▸ **Work required**: Work through the listing below, copying each line that carries the word "Black".
Dataset records below:
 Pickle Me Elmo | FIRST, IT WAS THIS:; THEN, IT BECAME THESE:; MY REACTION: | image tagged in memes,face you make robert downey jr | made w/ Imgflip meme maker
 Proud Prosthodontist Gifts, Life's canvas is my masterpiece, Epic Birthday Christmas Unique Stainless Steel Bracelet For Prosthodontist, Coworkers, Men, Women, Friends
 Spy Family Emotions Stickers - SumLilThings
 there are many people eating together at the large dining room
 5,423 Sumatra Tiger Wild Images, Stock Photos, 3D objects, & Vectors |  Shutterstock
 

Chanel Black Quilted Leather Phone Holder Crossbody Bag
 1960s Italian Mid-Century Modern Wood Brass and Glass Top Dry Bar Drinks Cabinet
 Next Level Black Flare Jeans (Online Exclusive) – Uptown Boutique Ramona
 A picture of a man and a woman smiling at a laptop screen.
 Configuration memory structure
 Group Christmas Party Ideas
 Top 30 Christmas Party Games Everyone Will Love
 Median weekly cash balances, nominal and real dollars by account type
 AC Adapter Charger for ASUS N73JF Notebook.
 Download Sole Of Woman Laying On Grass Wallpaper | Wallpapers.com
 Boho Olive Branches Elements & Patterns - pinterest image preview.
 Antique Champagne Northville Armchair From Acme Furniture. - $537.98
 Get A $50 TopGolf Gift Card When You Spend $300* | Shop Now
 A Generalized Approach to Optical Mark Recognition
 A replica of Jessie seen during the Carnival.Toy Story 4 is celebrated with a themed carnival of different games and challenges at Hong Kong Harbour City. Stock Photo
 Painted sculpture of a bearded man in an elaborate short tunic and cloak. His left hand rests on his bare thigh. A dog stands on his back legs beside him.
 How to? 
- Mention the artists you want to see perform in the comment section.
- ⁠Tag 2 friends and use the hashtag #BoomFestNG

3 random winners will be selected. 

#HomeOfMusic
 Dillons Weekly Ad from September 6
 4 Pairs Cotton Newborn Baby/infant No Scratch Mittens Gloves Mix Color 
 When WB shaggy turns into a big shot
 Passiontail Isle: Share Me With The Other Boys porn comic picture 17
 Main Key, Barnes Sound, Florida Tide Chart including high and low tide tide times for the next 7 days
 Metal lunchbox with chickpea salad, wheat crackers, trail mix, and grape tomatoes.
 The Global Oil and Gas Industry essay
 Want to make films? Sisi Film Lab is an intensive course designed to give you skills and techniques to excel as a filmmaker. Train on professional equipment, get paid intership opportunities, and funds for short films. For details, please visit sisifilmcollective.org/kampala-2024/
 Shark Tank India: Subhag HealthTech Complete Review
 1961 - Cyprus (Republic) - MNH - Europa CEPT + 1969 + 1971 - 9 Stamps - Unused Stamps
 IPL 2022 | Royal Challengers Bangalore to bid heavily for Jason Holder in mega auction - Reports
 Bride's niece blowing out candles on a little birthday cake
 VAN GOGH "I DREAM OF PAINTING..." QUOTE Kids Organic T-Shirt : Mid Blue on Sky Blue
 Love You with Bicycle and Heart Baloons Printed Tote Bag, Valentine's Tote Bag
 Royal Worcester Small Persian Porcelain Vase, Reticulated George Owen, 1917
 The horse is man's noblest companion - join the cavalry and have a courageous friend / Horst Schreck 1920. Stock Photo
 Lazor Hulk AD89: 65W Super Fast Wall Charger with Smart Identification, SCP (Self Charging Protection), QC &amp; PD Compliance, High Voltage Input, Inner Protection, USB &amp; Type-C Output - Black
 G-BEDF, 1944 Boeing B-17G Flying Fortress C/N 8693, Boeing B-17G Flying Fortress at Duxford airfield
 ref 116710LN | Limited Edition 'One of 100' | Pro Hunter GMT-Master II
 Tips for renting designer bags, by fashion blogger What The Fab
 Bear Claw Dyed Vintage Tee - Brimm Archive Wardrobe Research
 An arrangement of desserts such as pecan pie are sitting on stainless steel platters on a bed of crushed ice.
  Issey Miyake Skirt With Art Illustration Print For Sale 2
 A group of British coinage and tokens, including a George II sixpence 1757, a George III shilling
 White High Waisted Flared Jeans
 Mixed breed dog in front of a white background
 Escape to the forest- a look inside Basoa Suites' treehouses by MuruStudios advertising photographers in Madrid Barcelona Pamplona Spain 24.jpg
End of Dataset records.
▸ **Solution to this problem**:
Chanel Black Quilted Leather Phone Holder Crossbody Bag
 Next Level Black Flare Jeans (Online Exclusive) – Uptown Boutique Ramona
 Lazor Hulk AD89: 65W Super Fast Wall Charger with Smart Identification, SCP (Self Charging Protection), QC &amp; PD Compliance, High Voltage Input, Inner Protection, USB &amp; Type-C Output - Black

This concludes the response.